Bye Bye Hoberman

Among the questions I used to get asked a lot on the back-nine of my newspaper days, “Who’s the best film critic working today?” didn’t pop up as frequently as, say, “What’s the best way to get into jazz?” or “What’s your all-time favorite movie?” or “What’s that on your shirt?” Nevertheless, I was always prepared with an answer – and very careful of whom I gave it to. After all, I was colleague to all these critics and friendly with most of them and if their egos were anything like mine, they would bruise like ripe peaches. And, no, I never answered with my name – as I remain certain that none of my aforementioned colleagues did either.

But throughout the time I worked as a full-time film reviewer, the answer I gave most often to that question was J. Hoberman of the Village Voice. I say “most often,” because on some occasions I would say Stuart Klawans of The Nation. Pinned to the mat, I might say that Jim — for that is what the “J” stands for — was number one and Stuart was one-A. It was that close. You will have a long wait for numbers two-through-fifteen. I’m still good friends with a lot of those people – though I’d be surprised if any of them would disagree with my numbers one and one-A, even if they didn’t always agree with their opinions. I didn’t either. But I always learned something from their reviews I hadn’t before, saw things differently enough to, if not change my mind, at least broaden my field of vision for the next movie. If I gave a slight edge to Jim, it may have been only because the Voice ran his reviews every week while The Nation runs Stuart’s less regularly.

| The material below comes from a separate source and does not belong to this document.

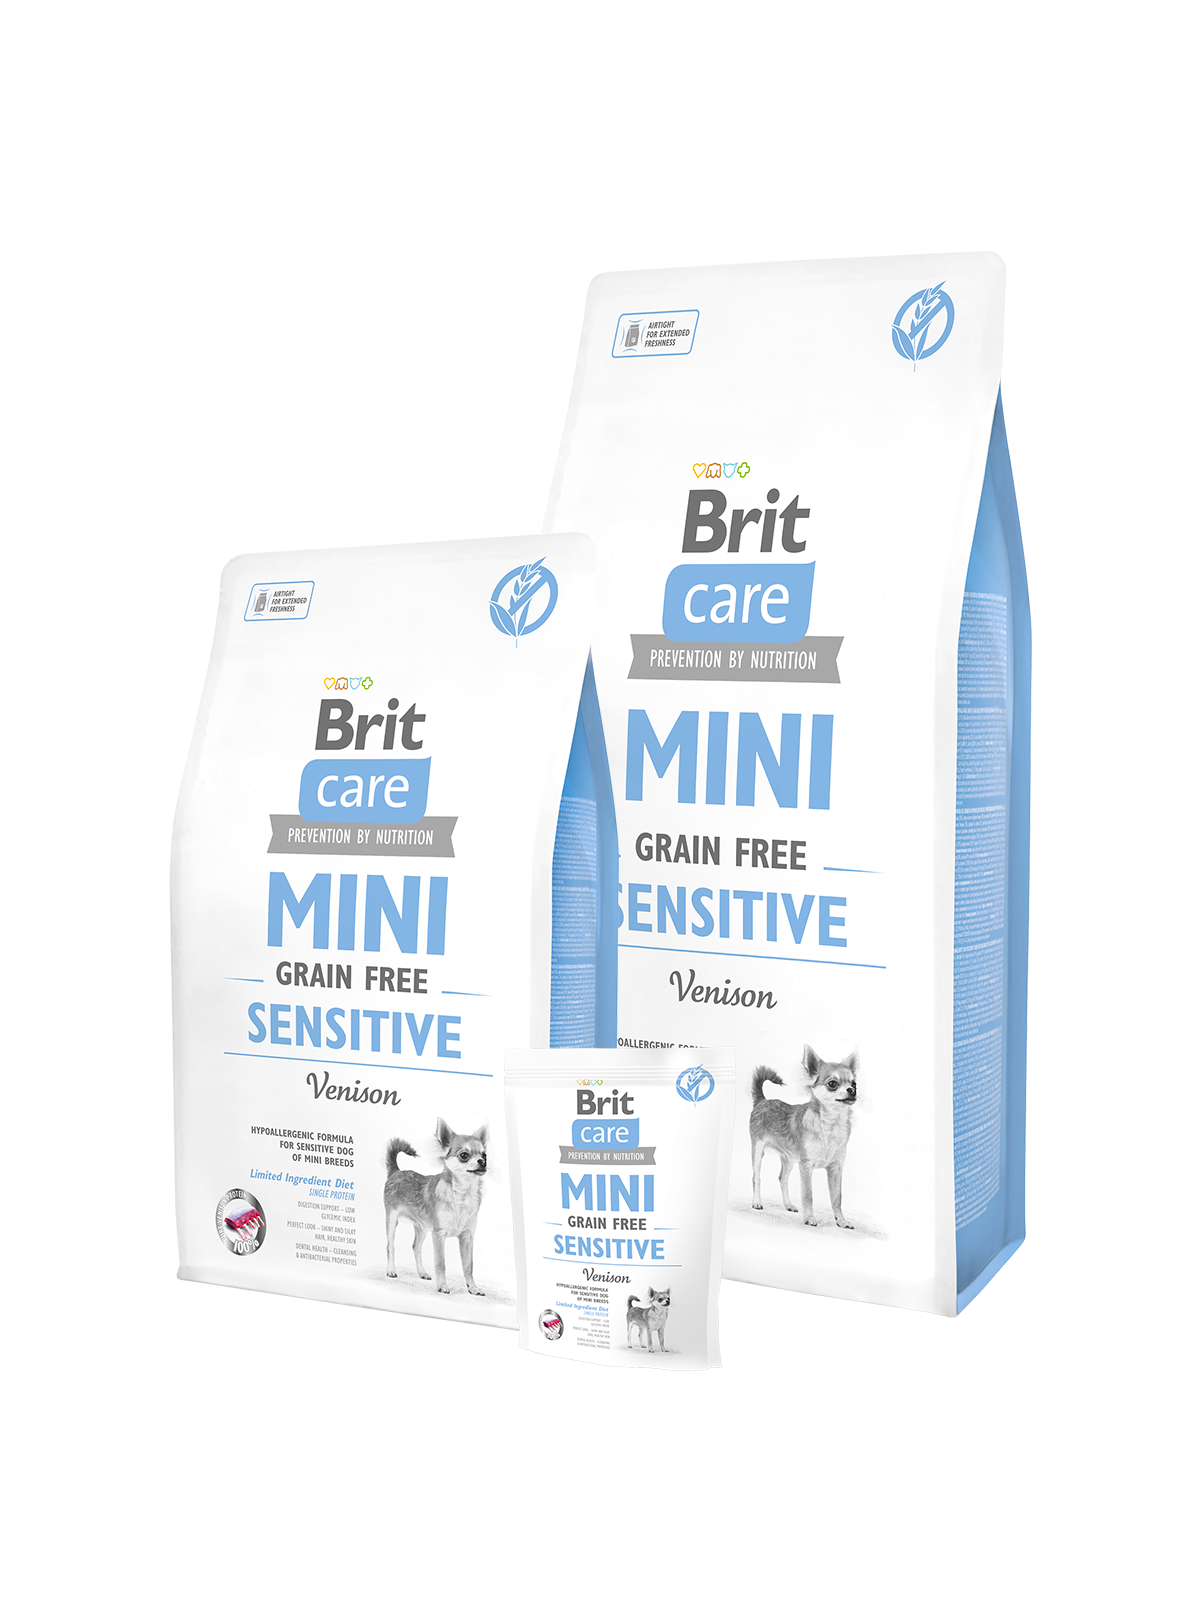 Brit Care Mini Sensitive Grain Free - Hjort, spannmålsfritt för känsliga vuxna hundar av små raser

Note the tense shift in that last sentence. Because, at least for the time being, only one of those guys is still in business.

The Village Voice announced yesterday it was laying Jim Hoberman off after almost 20 years as a staff writer. The once-proud weekly has already lost such longtime distinctive voices as Gary Giddins, Robert Christgau, Dennis Lim, Wayne Barrett, Deborah Jowett and Nat Hentoff (though he still contributes as a non-staffer) and I always thought it was a miracle that Jim lasted as long as he did after the corporation formerly known as New Times (now Village Voice Media) became the paper’s owners five years ago.

Jim said he was “shocked, but not surprised” by the decision and that pretty much sums up everyone else’s reaction, except mine. Nothing about this avaricious, crabbed, chronically short-sighted period in corporate publishing surprises OR shocks me anymore. As noted, I’m more surprised when someone like Hoberman survives in the prevailing atmosphere of perpetual cutbacks in both personnel and writing space. I’m even more surprised when people persist in seeing such upheaval and uncertainty as a relatively recent phenomenon. Wiser, larger heads than mine date the decline from the mid-1970s, when journalism was supposedly basking in post-Watergate glory. Someday, when we’ve touched the ocean floor on this era, we’ll be better able to look up and see precisely when we started tumbling.

I’m not too worried about Hoberman. His reputation should carry him to better places than the one he’s leaving, though I should hope it’s someplace where I could read him regularly. Maybe I shouldn’t hope. There aren’t many venues around where someone who thinks as deeply about movies as Jim will be given a platform. Nor am I optimistic that the exquisite sense of history with which Jim frames everything he writes will be seen as anything other than excess baggage in a media world, on- and off-line, where snark and knee-jerk contrarianism are better situated to grab the peanut galleries illegally downloading the latest 3D Hollywood product. When people wonder if I miss (or don’t) professional movie-going, I can now at least bring up this latest egregious insult to whatever’s left of said profession, though I admit it’s still amazing that these same people even bother to ask whether I miss it.

And I still don’t have a clear answer yet. Soon. Maybe.